The world is too small

Sunken Garden, UP Diliman. Photo by CallMeCreation.com

My world has gotten smaller and smaller. I barely get out of 5km radius of my home. I only get to see a glimpse of the outside world when I ride my bike, like yesterday. Just to get a glimpse of the sunset. To get out of my head.

January was too long for me. I guess February is the same. I’m a prisoner of this pandemic. I’m a prisoner of my mind as well. I want to escape. I want to be very far away from here.

Fruit shake. A simple treat while I rest before going back home. Photo by CallMeCreation.com

The one thing to look forward to in my excursions is this 16 oz fruit shake. My world has been reduced to that.

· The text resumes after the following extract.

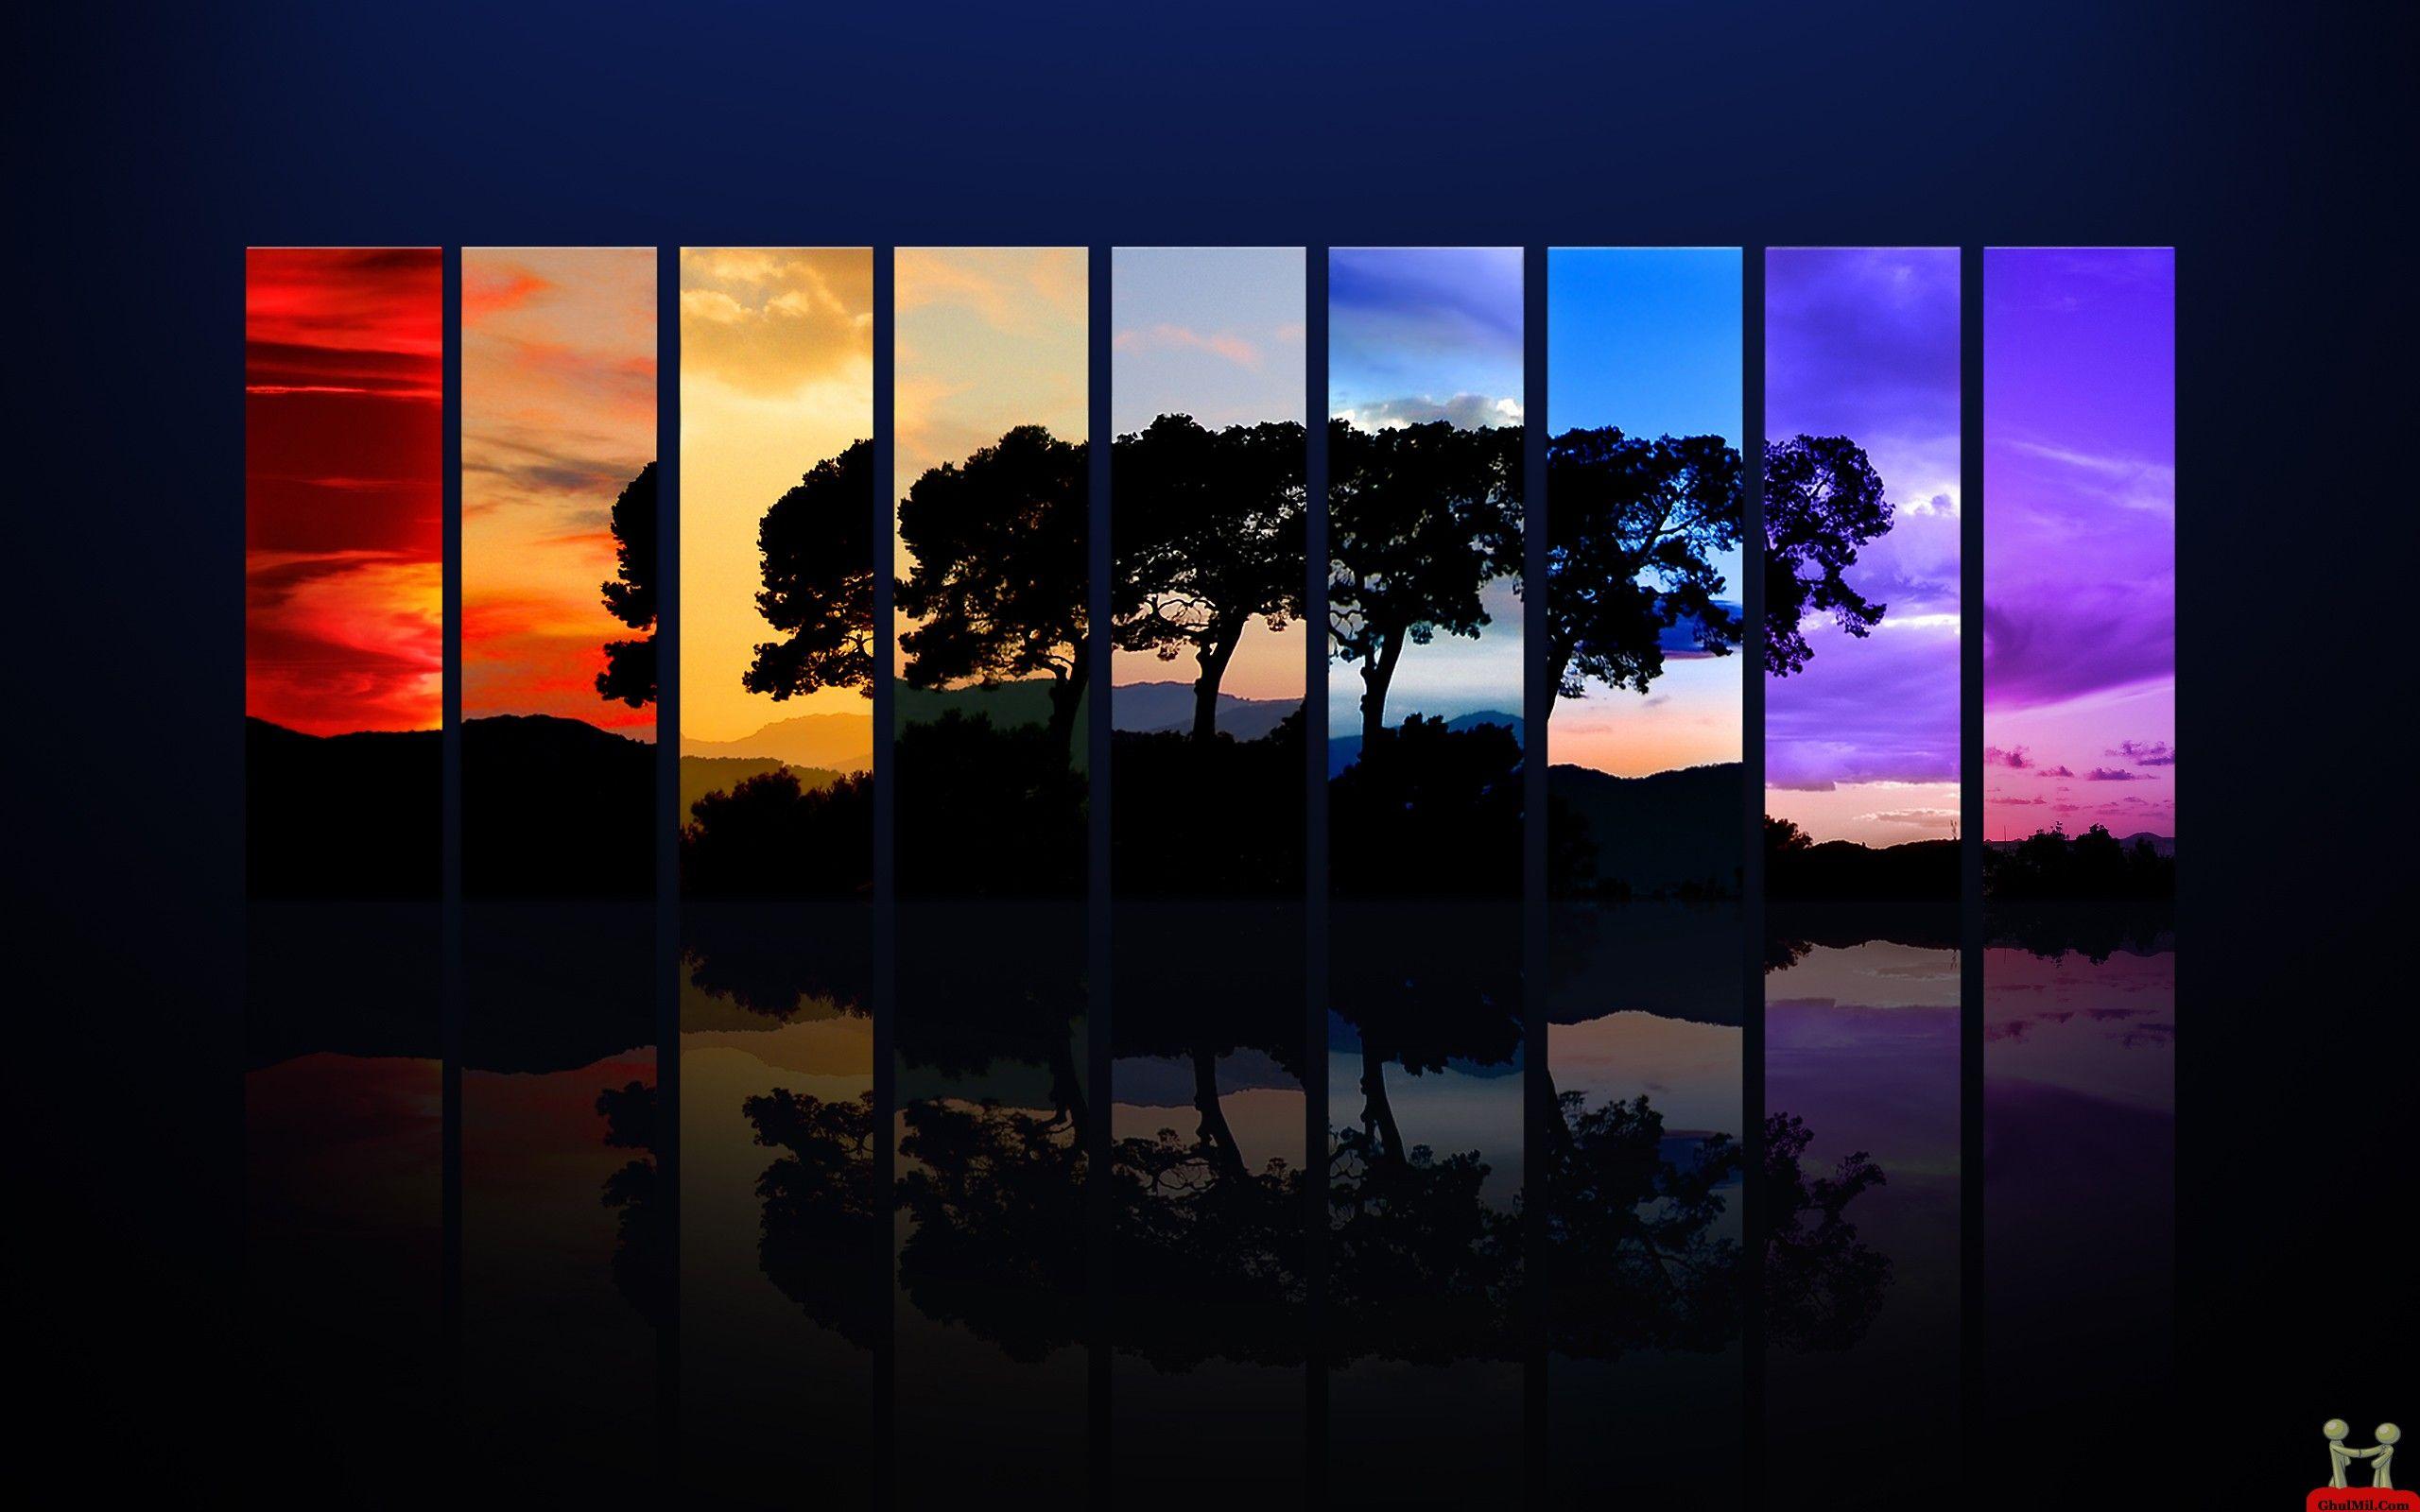 Amazing 3d wallpapers 3d amazing wallpaper fantasy for Amazing wallpapers for facebook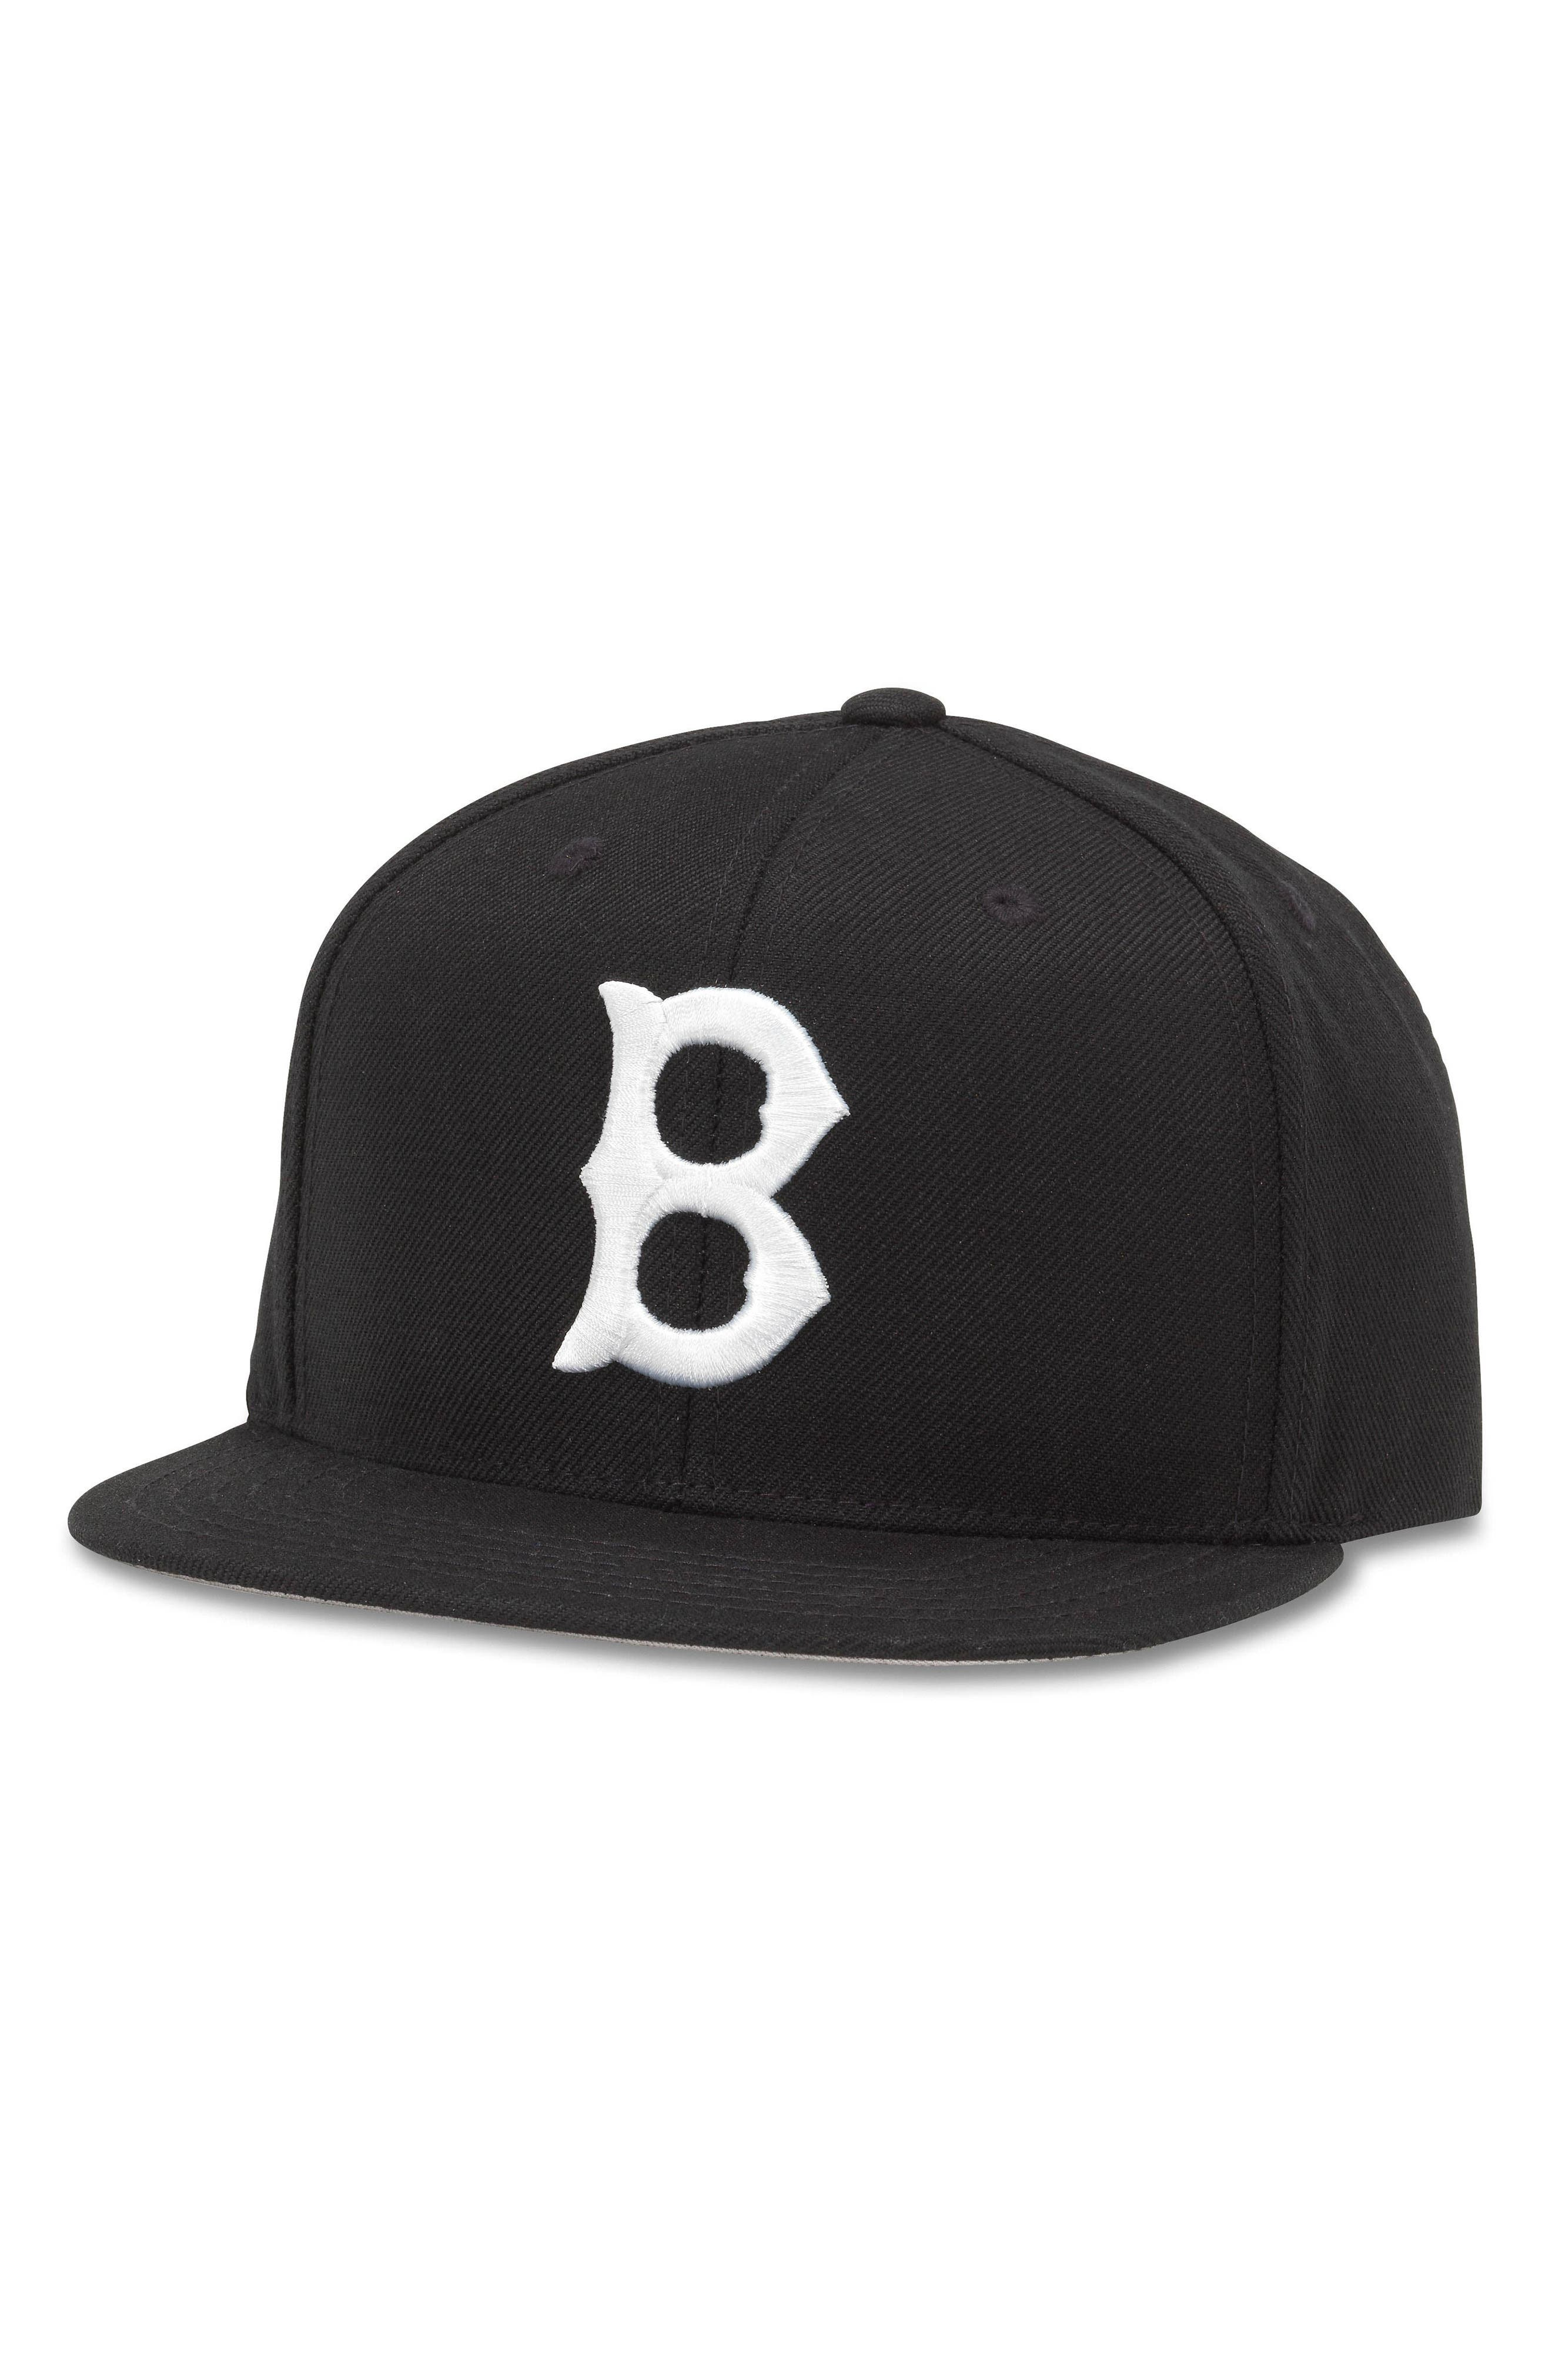 Sideline MLB Baseball Cap,                             Main thumbnail 1, color,                             001

Next week I want to go on a social media hiatus because everything will have Valentine’s Day ads. Not that I really celebrate it but this time it’s really painful. Two years ago we were in Hong Kong and on V-day we hiked to Victoria Peak to see the sunset. We took the ferry on the way to Kowloon and it was cold. He was so sweet at that time. Had dinner in some hole-in-the-wall restaurant there in Kowloon and took the last train ride back to Sai Ying Pun.

I’m a prisoner of my mind. I want to get away from here. I want to erase the memories.

My little girl told me, “Mommy, we will be your date on V-day.” Yes, my darling daughters. My heart may have been ripped out of me but you are there to help fill the void. I may even grow a new heart because of you, my angels.